Star-crossed love against a background of war and ethnic hatred is the subject of “Zvizdan,” playing in Un Certain Regard today. Onstage to introduce the film and his cast and crew, Croatian director Dalibor Matanic said, “Wherever you live in the world, life is too short to waste it on hatred. This is our way to fight for love.”

Matanic presents three stories set in and around two neighboring Balkan villages in three different decades, and each involving forbidden love between a Croatian man and a Serbian woman. He very effectively uses the same actors in the leading roles in all three, although the eras, names, and circumstances change.

War, hatred of “them,” however they are defined, and ethnic cleansing drive the outcome of these stories, but we never see the actual conflict of war. Matanic instead underlines the perpetual sameness of late summer in a sleepy setting of rolling foothills, high grasses, buzzing insects, and a sparkling lake, where the young of each generation hang out. What changes in small increments is the halting and painful progress toward rapprochement as it is worked between individual men and women.

The cast is made up of neophyte actors in solid performances, especially Goran Markovic, who plays the male lead in all three sequences. The innocently joyful pairing in 1991, of Ivan and Jelena, a couple planning to run off to the big city together, ends in an altercation at a makeshift roadblock between villages, and with Jelena wailing in grief over his dead body. 

In the film’s most complex and subtle sequence, a Serbian mother and daughter return to their ravaged stone farmhouse in 2001 to begin life anew. Grief over the death of her son in the ethnic conflict doesn’t prevent the mother from hiring Ante, a shy but amiable Croatian carpenter, or from understanding in her heart that bridging the gap with “them” is the only way forward. Sexual tension builds between the two young people, and finding herself at a crossroads, the daughter chooses hate.

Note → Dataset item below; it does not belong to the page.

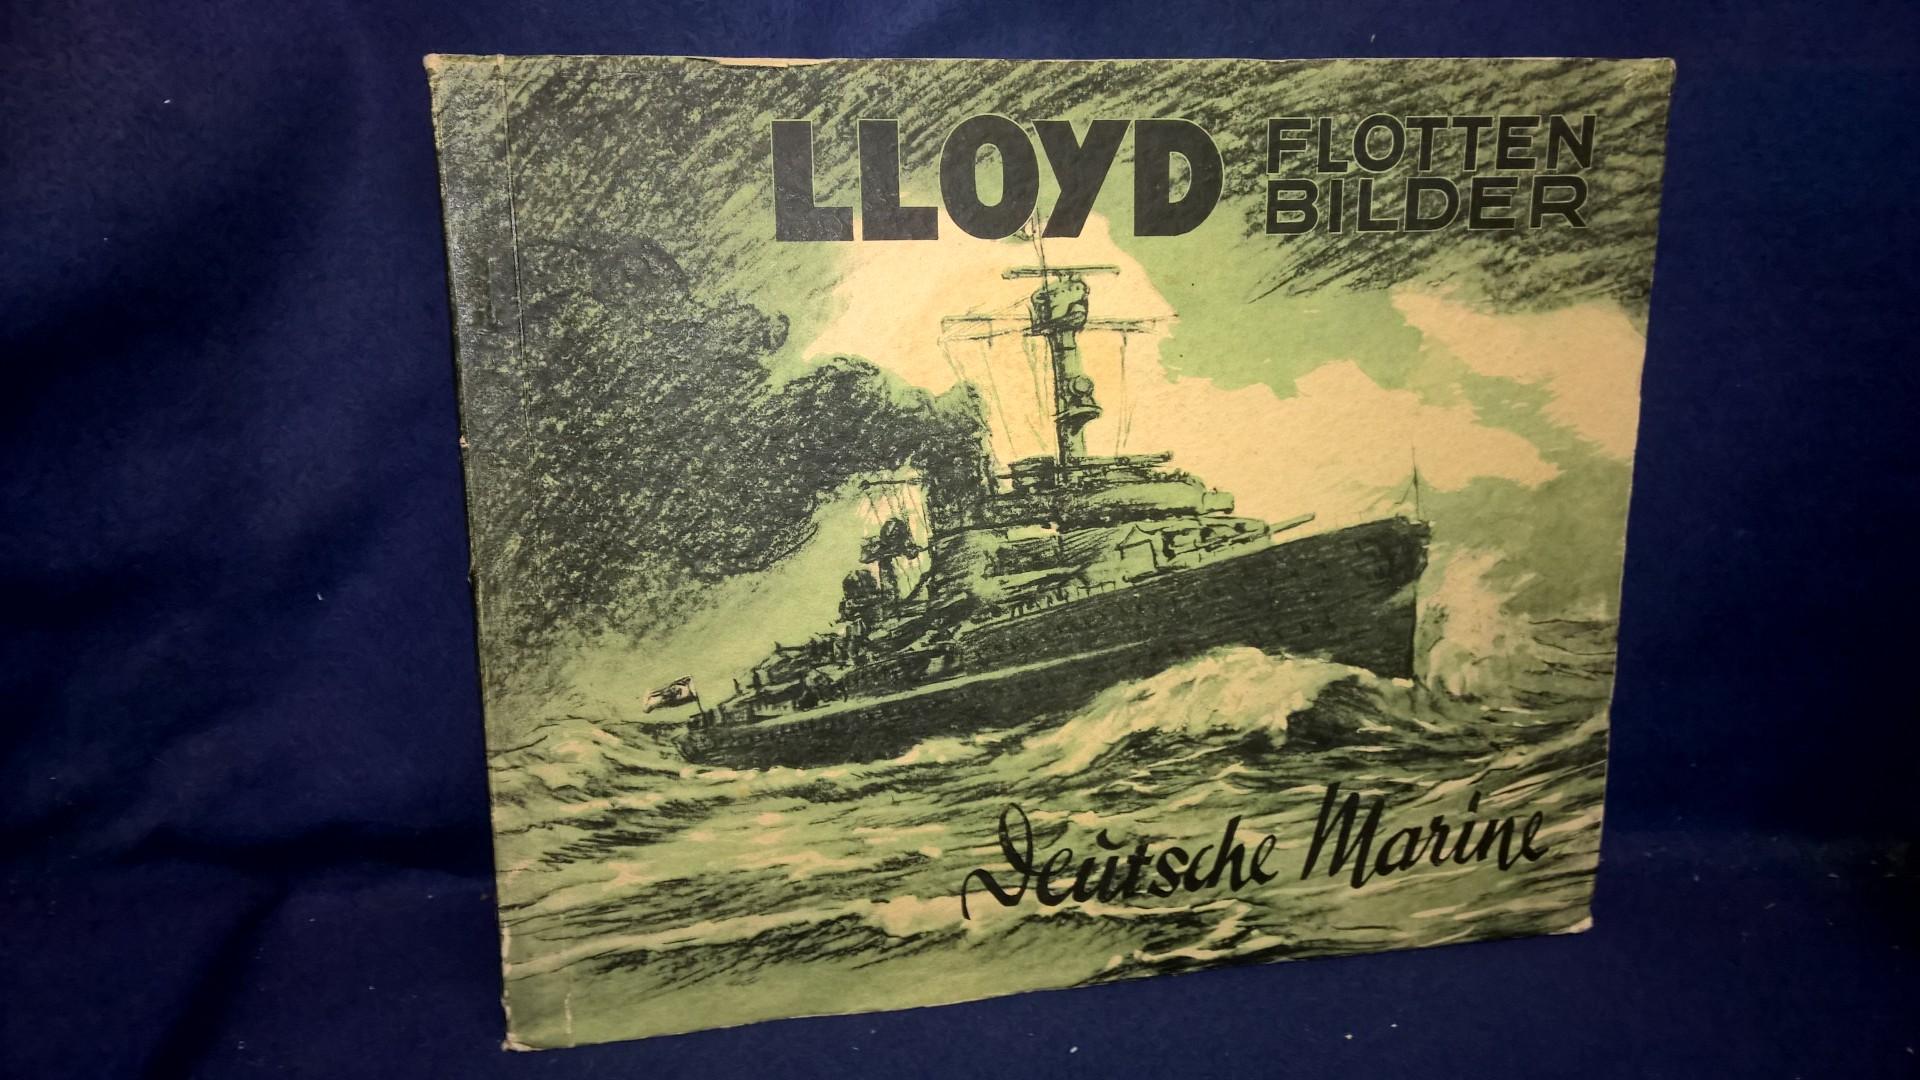 LLoyd Flotten Bilder: Deutsche Marine. Sammelbilderalbum mit den kompletten Farbsammerbilder, sauber eingeklebt.

Forward to 2011, and Luka drops in on his parent after a long absence. His unplanned visit to the Serbian woman he abandoned after fathering her child is less welcome. The film poses the choice between holding onto the past or wiping the slate clean.

Norwegian director Joachim Trier scored a spot in competition with “Louder Than Bombs,” his first film in English, which features Isabelle Huppert, Gabriel Byrne, Jesse Eisenberg, and Devin Druid. His 2011 film “Oslo, August 31” brought him considerable exposure at international festivals including Cannes, and he’s considered a rising star.

There’s an image in “Louder Than Bombs” of Huppert lying prone and floating in mid-air. The plot of the film is a lot like that, in that it floats chunks of information and the beginnings of multiple storylines and leaves them unattached. Deliberate as this may be, the strategy gives the film a tentative, rough draft quality that generated a lukewarm reaction at tonight’s press screening.

Huppert is seen only in flashback in the dreams and imaginings of her husband Gene (Byrne), and her two sons, Jonah (Eisenberg), and Conrad (Druid). Dead three years, she was a world-famous war photographer who spent months at a time away from her family. The curator of a new exhibition of her work confides to Gene that he feels obliged to make public the fact that Isabelle’s death in a car wreck was suicide, information Gene and his eldest son know, but which was concealed from the younger son.

At this point, Isabelle becomes more of a catalyst for the story rather than the story itself. Trier takes off in several directions to fashion a father-son showdown that is also a tender coming-of-age film and a guilt trip that centers on the secrets that each family member holds close. Trier employs voiceovers of the inner thoughts of his key characters, slow motion, abrupt blackouts, and fantasy sequences to convey the many levels of awareness.

Sometimes this combination works, and sometimes it doesn’t. There’s a dead end aspect to subplots involving infidelity, lies, implied sinister online activities, and first love, and it stands in the way of a clear direction. Huppert and her secrets ultimately seem like mere props in a film that can’t decide what it wants to be. 

Barbara Scharres

Barbara Scharres is the former Director of Programming at the Gene Siskel Film Center, a public program of the School of the Art Institute of Chicago.